Saturday, January 22, 2011

Doris Lessing: Mara and Dann

In Mara’s world, nourishment consists of yellow roots, white tasteless lumps, and dry leaves without specific names; sour milk or milk directly from a large beast, flour bought from a trader and mixed with muddy water and cooked on a hot rock. She occasionally stays with people with somewhat better food. Her first taste of meat is a raw frog that emerges from mud after a rare rainstorm. Mara eventually learns to eat slabs of muscle meat cooked on a fire. But few things have a precise name.

Mara owns a water can and some clothing that never wear out because the materials came from an earlier more sophisticated civilization. All her possessions fit in a sack that she carries as she treks through a dying landscape where rain has ceased to fall.

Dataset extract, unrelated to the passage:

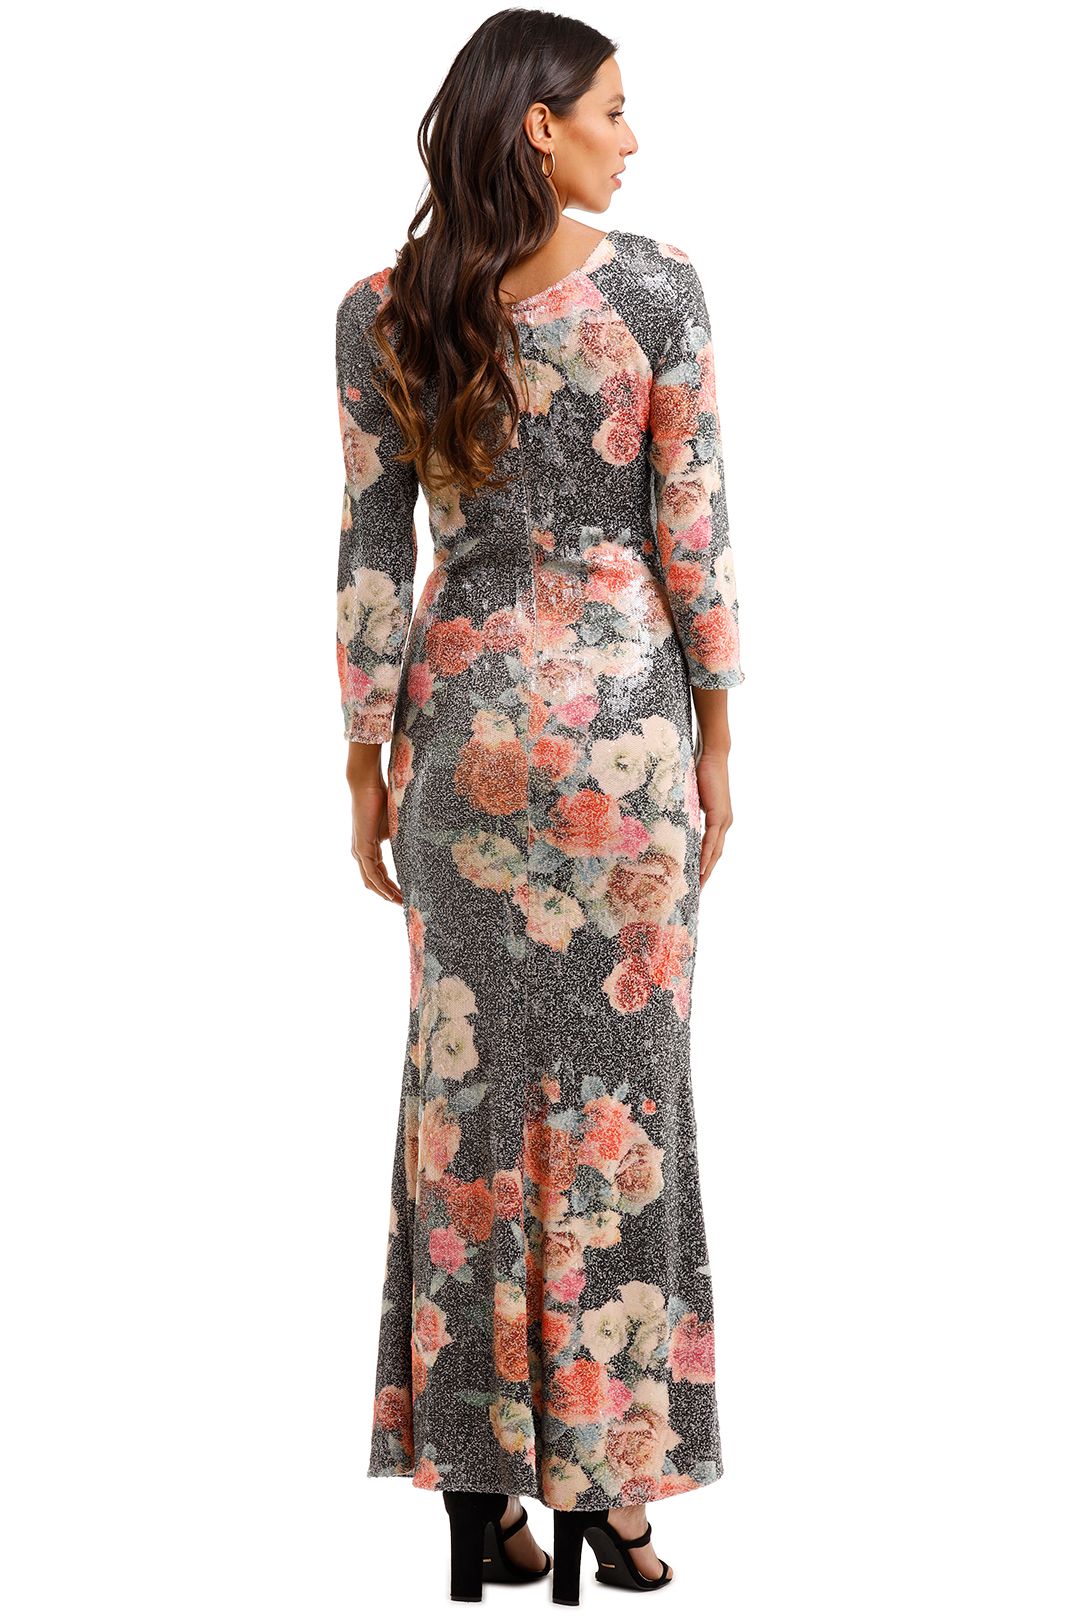 Moss and Spy	Matisse Gown Floral Multi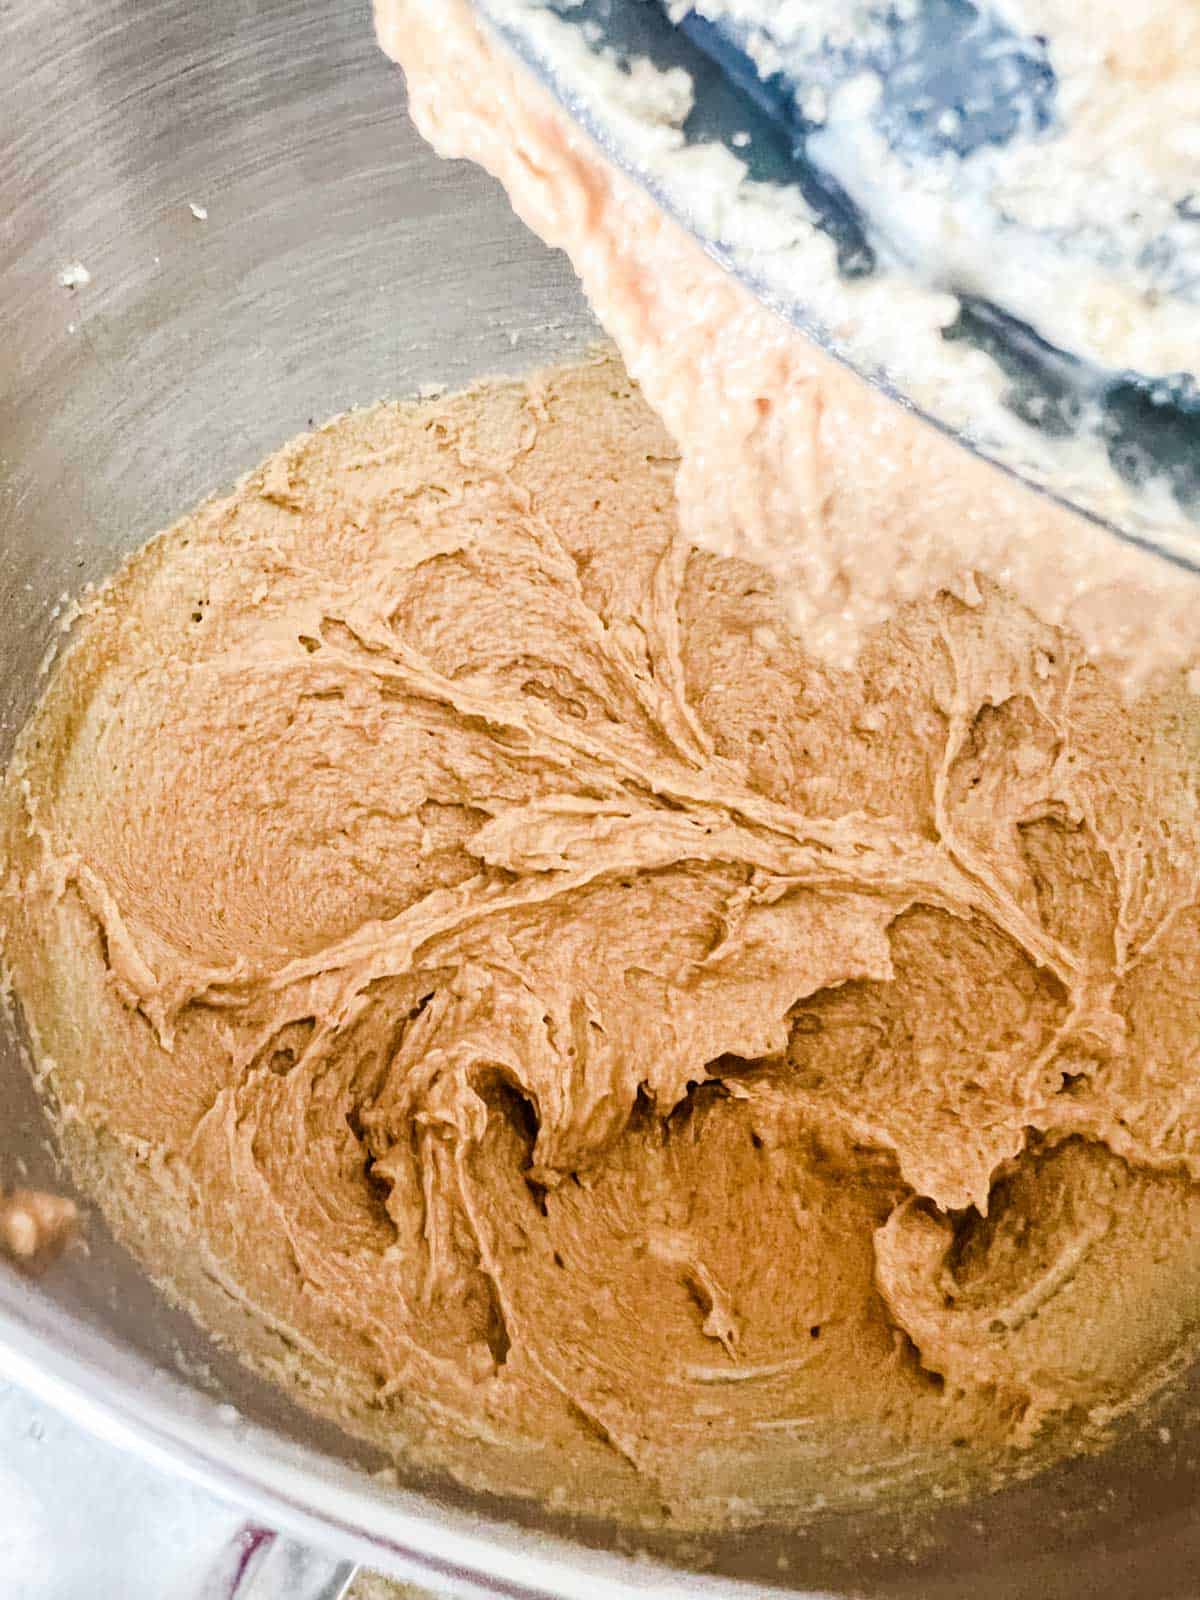 Peanut butter cookie dough being made in the bowl of a stand mixer.

Dann, Mara’s brother, travels with her most of the way through the book-long journey. He carries a knife and an axe, metal tools that no one seems able to make any more, and defends them against other desperate wanderers. From time to time they are taken into slavery, where at least they receive real meals. Eventually they reach a land where people have copied guns from ancient examples. War and famine follow them everywhere.

Everything about their journey is vivid, but tedious. Doris Lessing is such a wonderful story-teller that I’ve been working through difficult books like this forever, it seems. She must tell you everything about a woman and all her challenges, and you must listen.

Thinking back, I considered how Doris Lessing provided a foundation for feminists of the seventies. Her early works from the fifties and sixties explored the experience of woman in a groundbreaking way. Her characters (almost exclusively women) had lived through World War II in colonial Africa; early marriage as unequals to their often intellectually inferior husbands; desperate desire for education and challenging jobs when none was available, and second-class status in left-wing politics. They had undergone psychoanalysis at the hands of well-meaning and likable other women but it hadn’t made them what they wanted to be. But slowly Doris Lessing’s women emerged into something that I think she wanted them to be. And feminists loved it.

The multi-volume personal history of the fictional character Martha Quest went through all this, and came out in a new world that hadn’t happened yet (though I think it’s now technically in the past). The Four-Gated City, with Martha Quest as a much older woman, was set in a future of Doris Lessing’s devising. The details of that future allowed Lessing to explore aspects of life that weren’t possible in the real world that she had been describing with painful accuracy before.

Doris Lessing continued to create new environments and check out how women would handle them. She wasn’t writing science fiction, just doing thought experiments, is what I would say. Some worked better than others. Virtually all Lessing’s created futures are extremely unpleasant. I haven’t read everything she’s written but I’ve read a lot. War, famine, bad faith in political systems, degeneration of family and civil society, and other extremes all beset her societies -- normal demands of life don't set sufficient extremes. When she removes civilization and its protections, women characters like Mara have to deal with men who are stronger than they are, as well as with the danger of pregnancy from any encounter, willing or not.

Mara and Dann, published in 1999 extends these thought experiments. Mara is the center. She’s born into an aristocratic family somewhere in Africa just as long years of drought destroy any possibility of their continuing to live. Food and water have disappeared as rivers and waterways have dried up, trees died, and animals starved. As a child of seven, Mara must start fending for herself and caring for her younger brother. Both are scarred by their experiences with hostile strangers, then raised by a woman whose dedication to them is somewhat mysterious.

As late adolescents, they begin a long journey north in search of a place where there is comfort, security, food and water. The drought, famine, wars between diverse races and peoples, and the disastrously hostile human and natural environment challenge Mara in ways that Doris Lessing’s characters from the 1950s could never be challenged.

For one thing, she is intellectually deprived, as well as starving and nearly dying of thirst. She has no words for cattle and goats (all are called milk beasts) or crocodiles (called water dragons), no ability to count much above her fingers and toes, no words for human sex organs or sex acts, no identification for plants in her landscape, only guesses about what might poison her, no words for the past or its technologies. She gets occasional glimpses of the civilizations that existed 10 or 15,000 years earlier and clearly produced advanced devices, weapons, transportation, and arts. That would have been us.

Mara and Dann finally reach a farmstead where a settled life seems possible – but like many of Lessing’s tales, this one ends with ambiguity.